Also, what are a few ways that has worked for you in terms of mouthing and eventually teaching him not to mouth at all? I had toy poodles when i was a teenager and at that time i did not read anything about dogs or how to care for them. But even so, they mouthed me gently and never ever bit down. They only mouthed when i was playing with them and not any other time. My goal for this puppy is to teach him to not ever mouth any of us. I know it has to be phased out though. Ian Dunbar suggests the yelping and turning of back. He says once he is mouthing gently all the time, you yelp even then, therefore he learns that his teeth on you, no matter how gentle he thought he was being, hurts you and is not okay. I just summed it up but let me know if there's anything else i can do to reach this goal. Funny because i have a low threshold for pain so we'll see how i react to his nipping. lol Thank you all again!!!


----------



## lily cd re (Jul 23, 2012)

Please also see this thread in which I talk about many of Dr. Ian Dunbar's training tips.
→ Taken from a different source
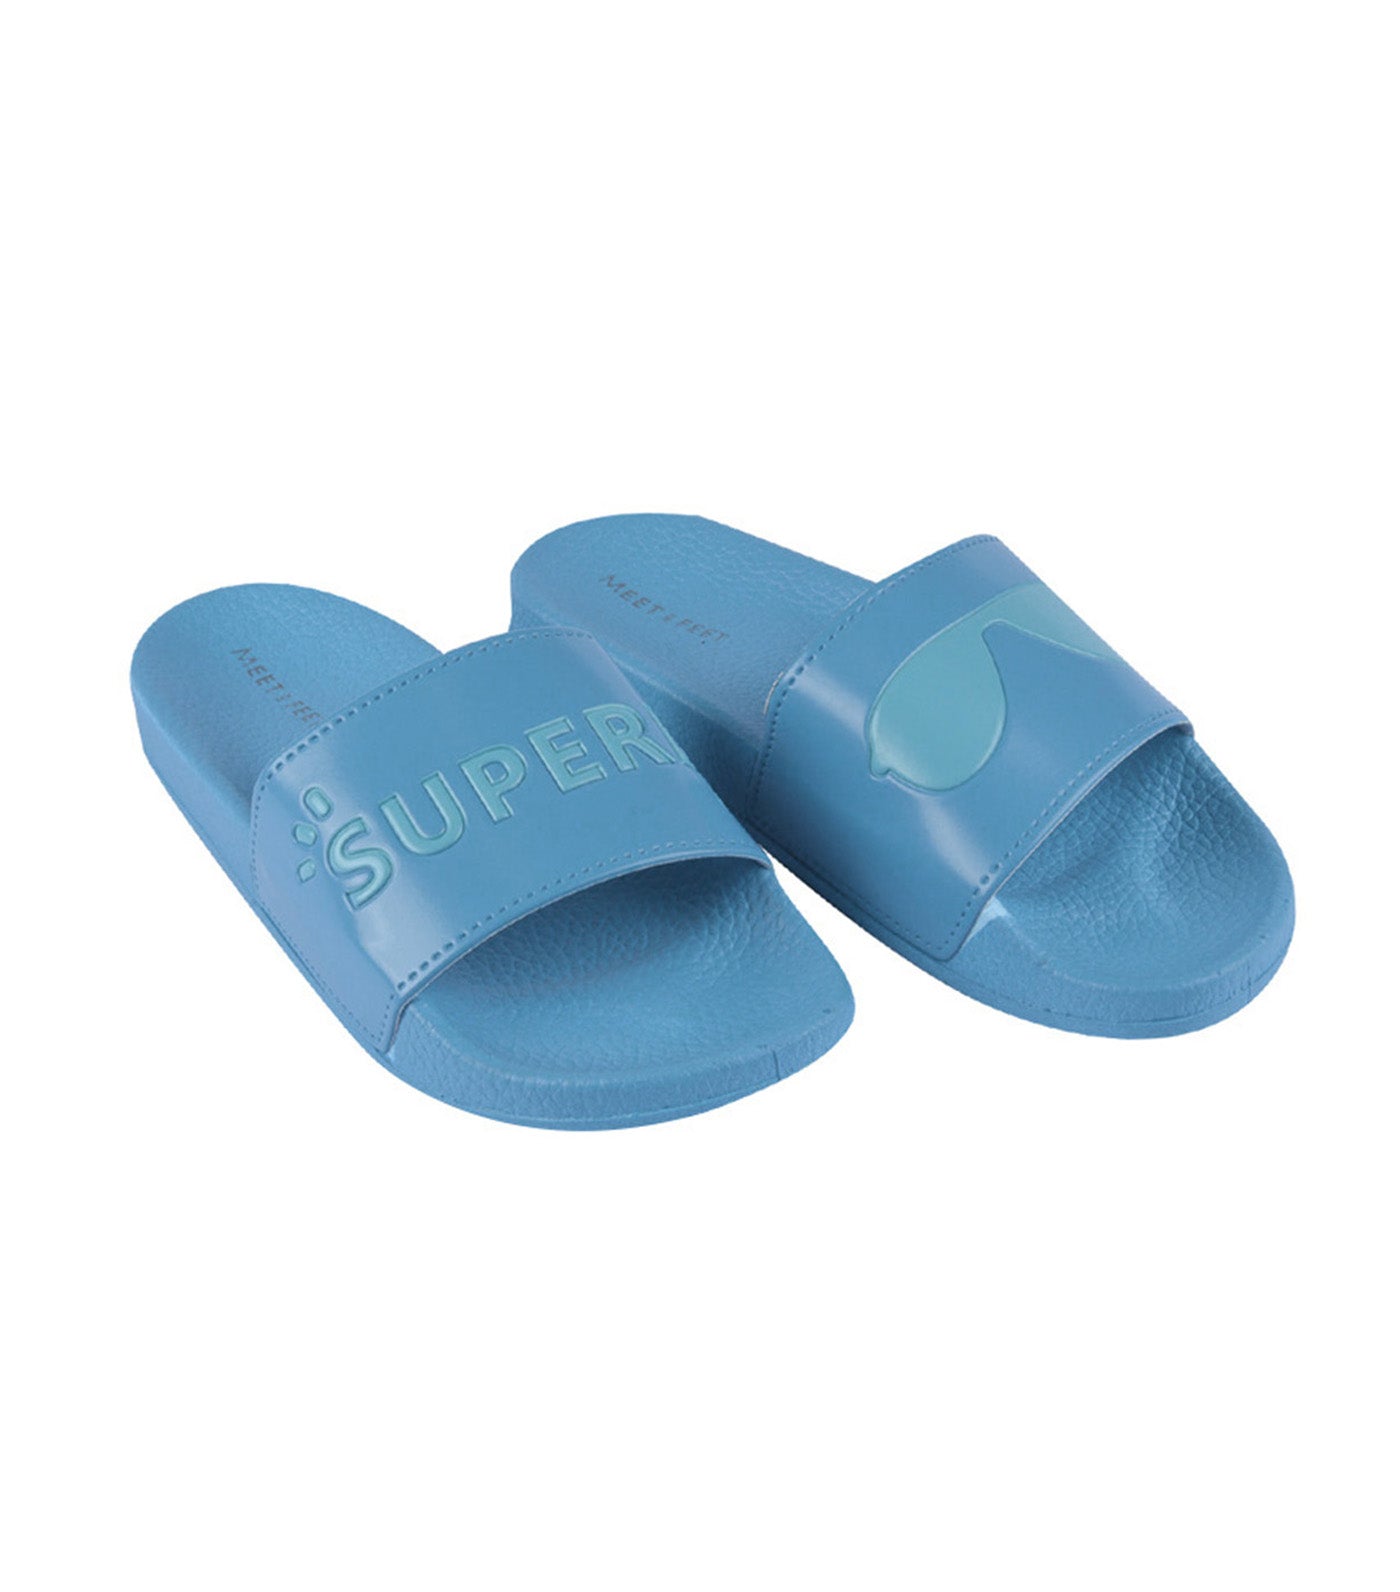 meet my feet white superb slippers

http://www.poodleforum.com/23-general-training-obedience/100970-ian-dunbar-seminar-workshop.html

You can also go directly to his site for useful information.

Dog Star Daily

It is very smart to be preparing in advance and not just leaving things to chance. Preparation and thoughtfulness are great assets.


----------



## Chagall's mom (Jan 9, 2010)

:hello:Want to mention a member here, *BeckyM*, who is doing a masterful job of raising a spoo pup along with her young children and running an in-home pre-school daycare.:dog::baby::baby::baby::baby: Maybe take a look at her threads or PM her for some ideas. Enjoy your busy, growing family! I really applaud all the forethought you're putting into making things go smoothly for everyone.:thumb:
http://www.poodleforum.com/5-poodle-talk/101618-pollys-playdate-toddlers.html#post1165074


----------



## fjm (Jun 4, 2010)

I believe the latest advice on playing tug is that it is fine, as long as you teach the pup to stop and start on cue. And it is also fine to let the dog win at least half the time - they enjoy the game more and are more engaged that way (quelle surprise...!). It's a good way for small children to play as it keeps their hands away from puppy needle teeth while the pup is learning self control.


----------



## fam6 (Apr 25, 2013)

Lily, thank you so much! Im reading and taking notes from your thread. Very helpful!!!


----------



## lily cd re (Jul 23, 2012)

fam6 said:


> Lily, thank you so much! Im reading and taking notes from your thread. Very helpful!!!


That's very sweet of you to let me know that thread has been helpful to you. I have a few more things I will patch together into another post this weekend for it.


----------



## patk (Jun 13, 2013)

re playing tug: ian dunbar carefully controls this, even with his adult dogs, when he is a participant. he does not let the dog win; he will play and then say "thank you," to stop the game while he still holds the tug toy and then put the toy away.

lots of implications to this and something to really think about.


----------



## fjm (Jun 4, 2010)

I read a study recently that found that, while controlling tug games was important, winning was not - and now, of course, I can't find it! I shall post a link when I do. It doesn't contradict Dr Dunbar, as the human starts and stops the game, but found that dogs enjoy the game more when they get to "win" the toy in the course of play, bringing it back to start another round.


----------



## patk (Jun 13, 2013)

here's what we seem to have so far:

1. cesar millan discourages playing tug (in at least one book he says with powerful breeds when you aren't in complete control)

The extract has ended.